I was able to upload it and create thumbnails with no problem, so it’s almost definitely an issue with the Ghostscript install on your server.

This has me stumped. I had kept the updated Ghostscript at /usr/bin so no path changes should be necessary. Out of curiosity what is your server environment in terms of distro, PHP/MySQL versions, and ghostscript/ImageMagick versions?

My personal server I linked to is Gentoo, so it’s not exactly a template to work from for you I’m sure. It has Ghostscript 9.21 and ImageMagick 7.0.7-19, both from the package manager.

That said, I also tried it out on another more normal server which also had no problem and is just running Centos 6.9 (with the ghostscript 9.22 binary from ghostscript.com, though). The ImageMagick is actually an older one than yours (6.7.2-7), but it’s the Centos stock package.

PHP and MySQL really shouldn’t matter at all, but they’re also significantly different between various places where this is working fine.

I’m still fairly confident in my diagnosis that it’s just Ghostscript that’s the relevant piece of the puzzle here. I probably can’t say much more without being on the server in question.

This was the issue. The pre-built binary doesn’t work but building from source does. So something with both the stock version of gs on Centos7 as well as replacing it with the prebuilt binary, but if you build from source it works (I suspect it may have something to do with openjpeg2).

@kupke You’re good to go, tested in your account and it’s working.

That’s interesting… I know I’ve been able to use their binary in the past on Centos servers, but perhaps something has changed…

At any rate, glad to hear you tracked it down. There’s a lot of layers involved for something seemingly so simple, before you even get to Omeka.

I’m glad this problem was resolved. I just did my own test as well, and it does indeed generate the thumbnails correctly now.

We’re having the same issue, I believe, working on a VPS with CentOS 7 running and only started to run into problems recently. The thumbnails for the PDFs are generating the OCR’ed text rather than a JPG image. We have Ghostscript 9.07 running. I don’t really understand how to fix this based on this thread- can you explain what/where/how to “build from source”? Must this be done at command line or can I use the Plesk panel I typically use?

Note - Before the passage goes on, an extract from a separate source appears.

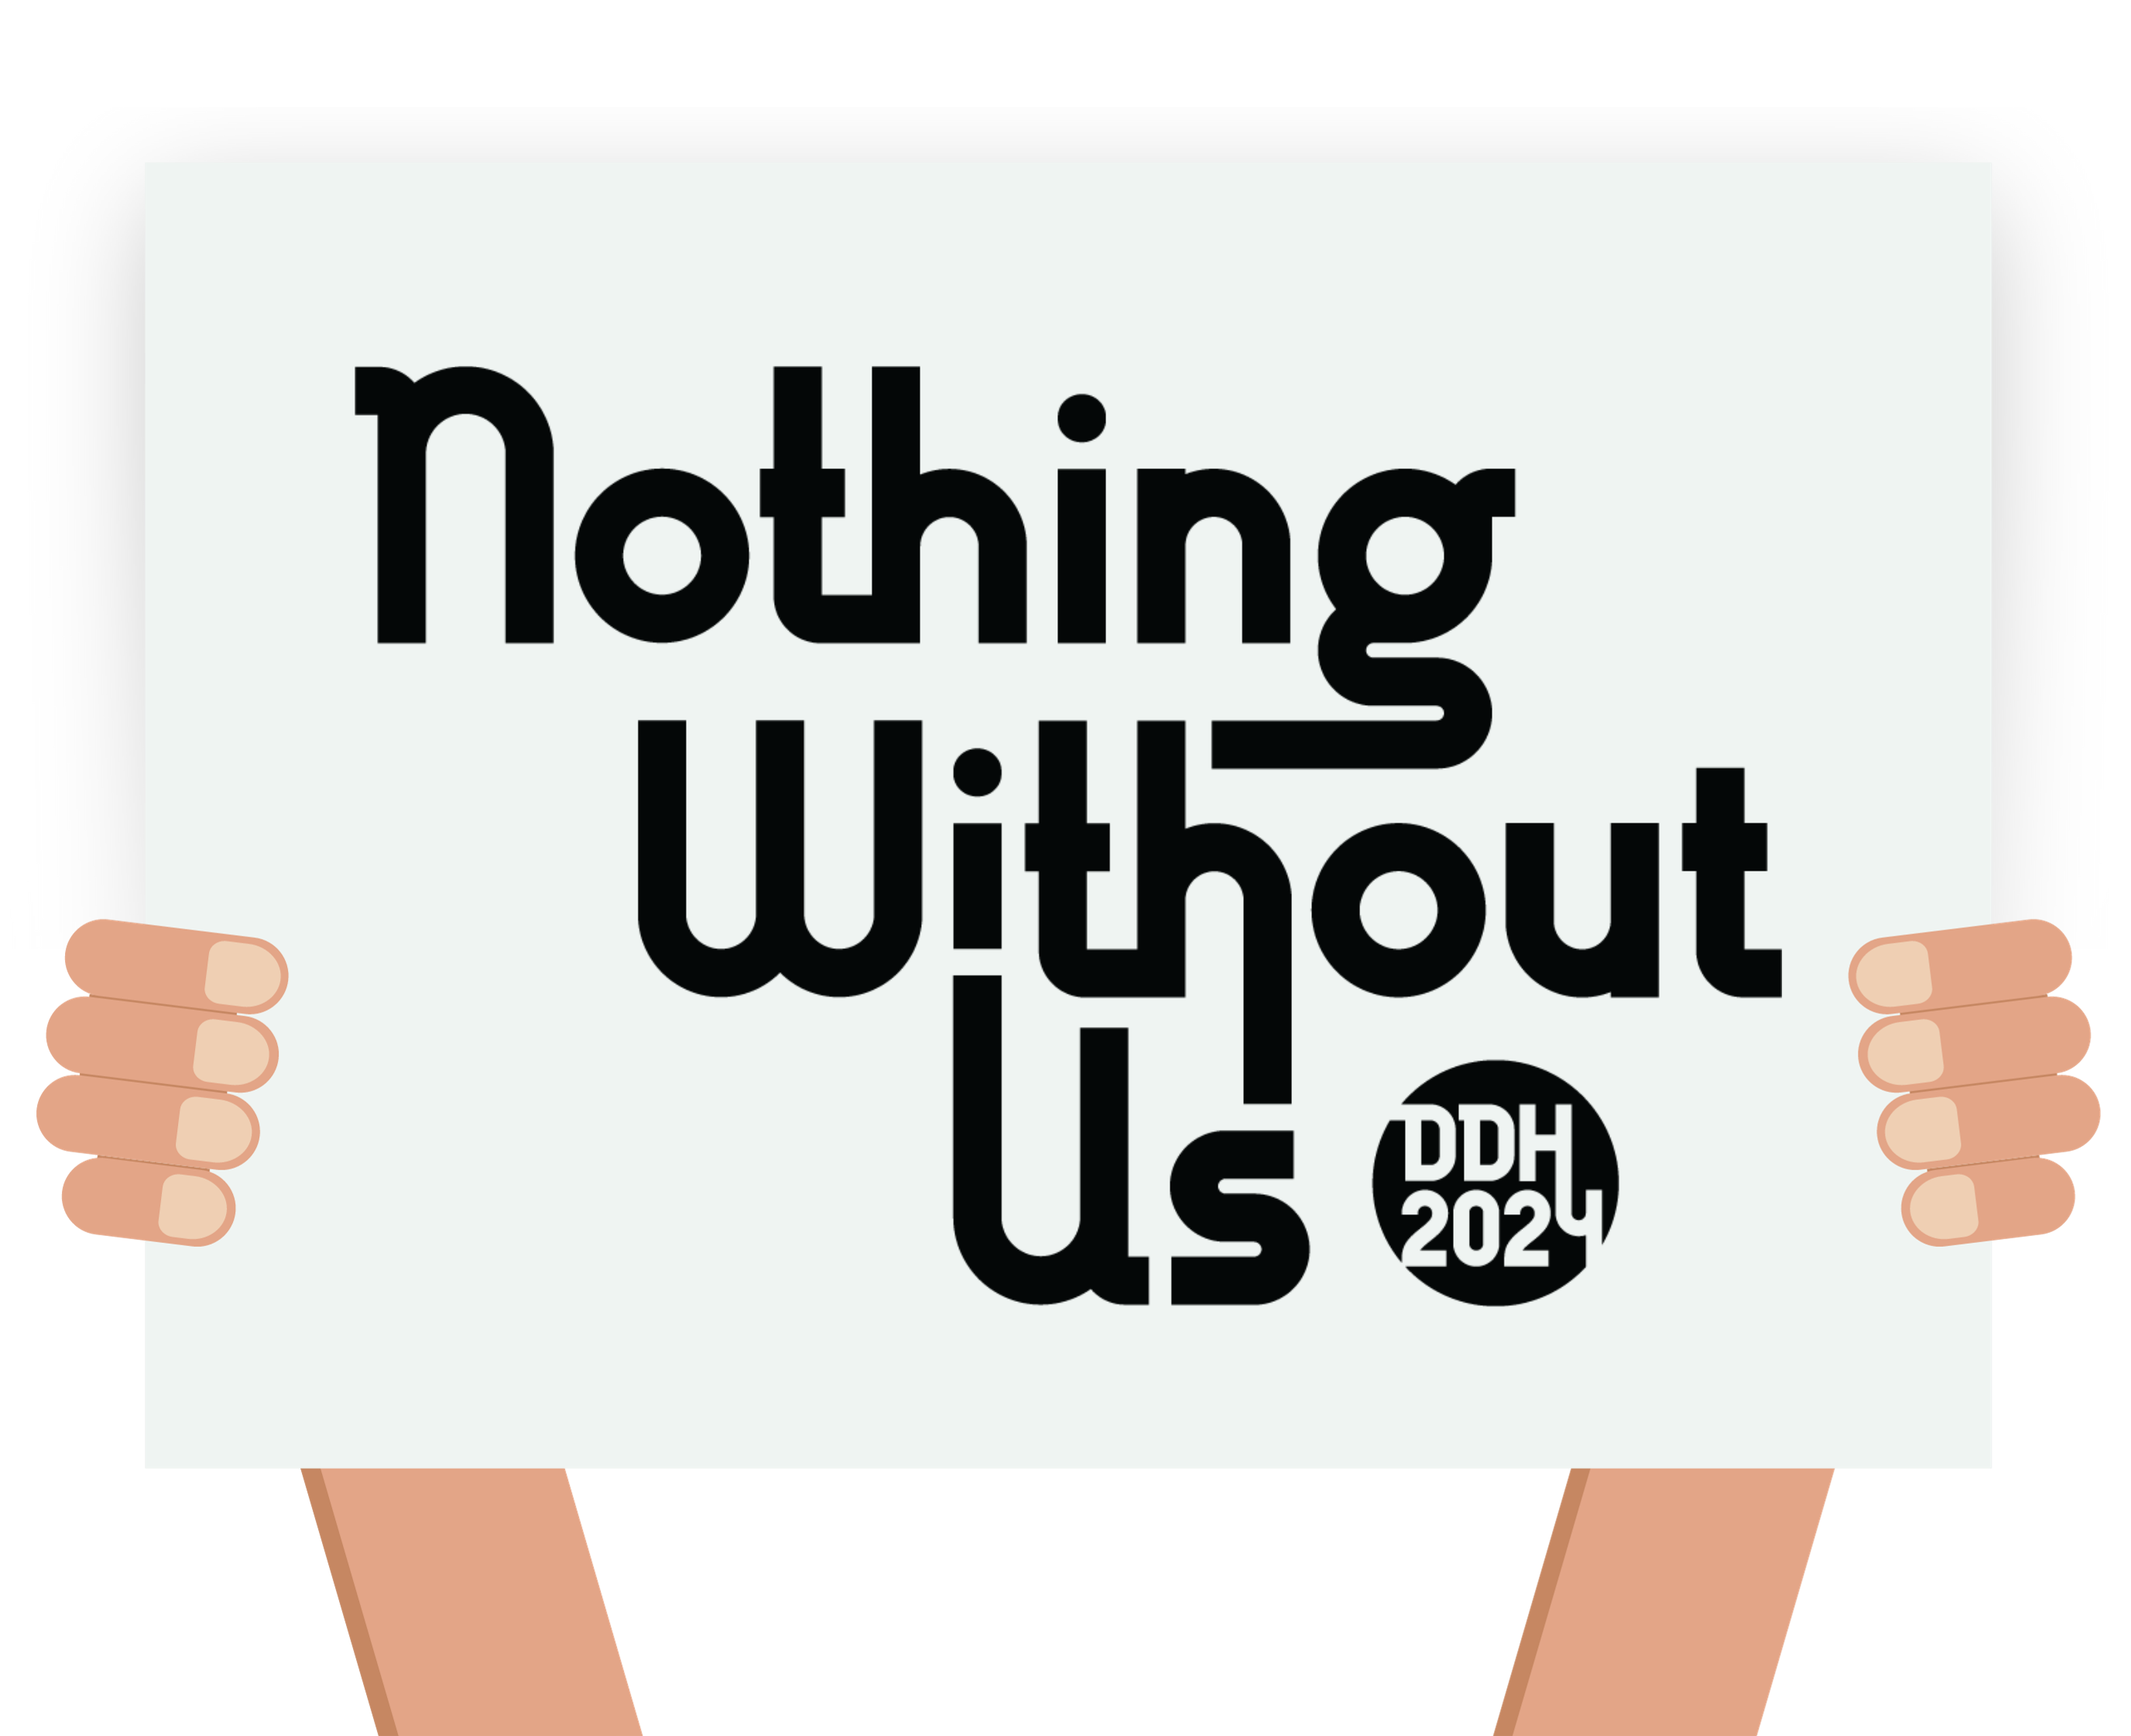 DDH 2024 "Nothing Without Us" logo on a sign

It does require the use of command line, install instructions are at https://www.ghostscript.com/doc/9.21/Install.htm#Install_Unix but essentially building from source means downloading the copy you need and then navigating to the folder you downloaded/extracted it to and running:

./configure
make
make install

I don’t use Plesk but it’s unlikely they would have a more automated way of doing this.

Thanks for the response and help! Just a quick question - which ghostscript would I install exactly? I see a list here:

https://www.ghostscript.com/download.html

Not sure which one I need to choose. So I guess I’d download then upload it to the server then login at command line and do as you said above - I have no idea where it resides on the server currently, so I’ll have to dig around.

It would be the first one, vanilla Ghostscript. Here’s the direct link to the latest source version https://github.com/ArtifexSoftware/ghostpdl-downloads/releases/download/gs925/ghostscript-9.25.tar.gz

1 Like

Thanks or the quick response, really appreciate it!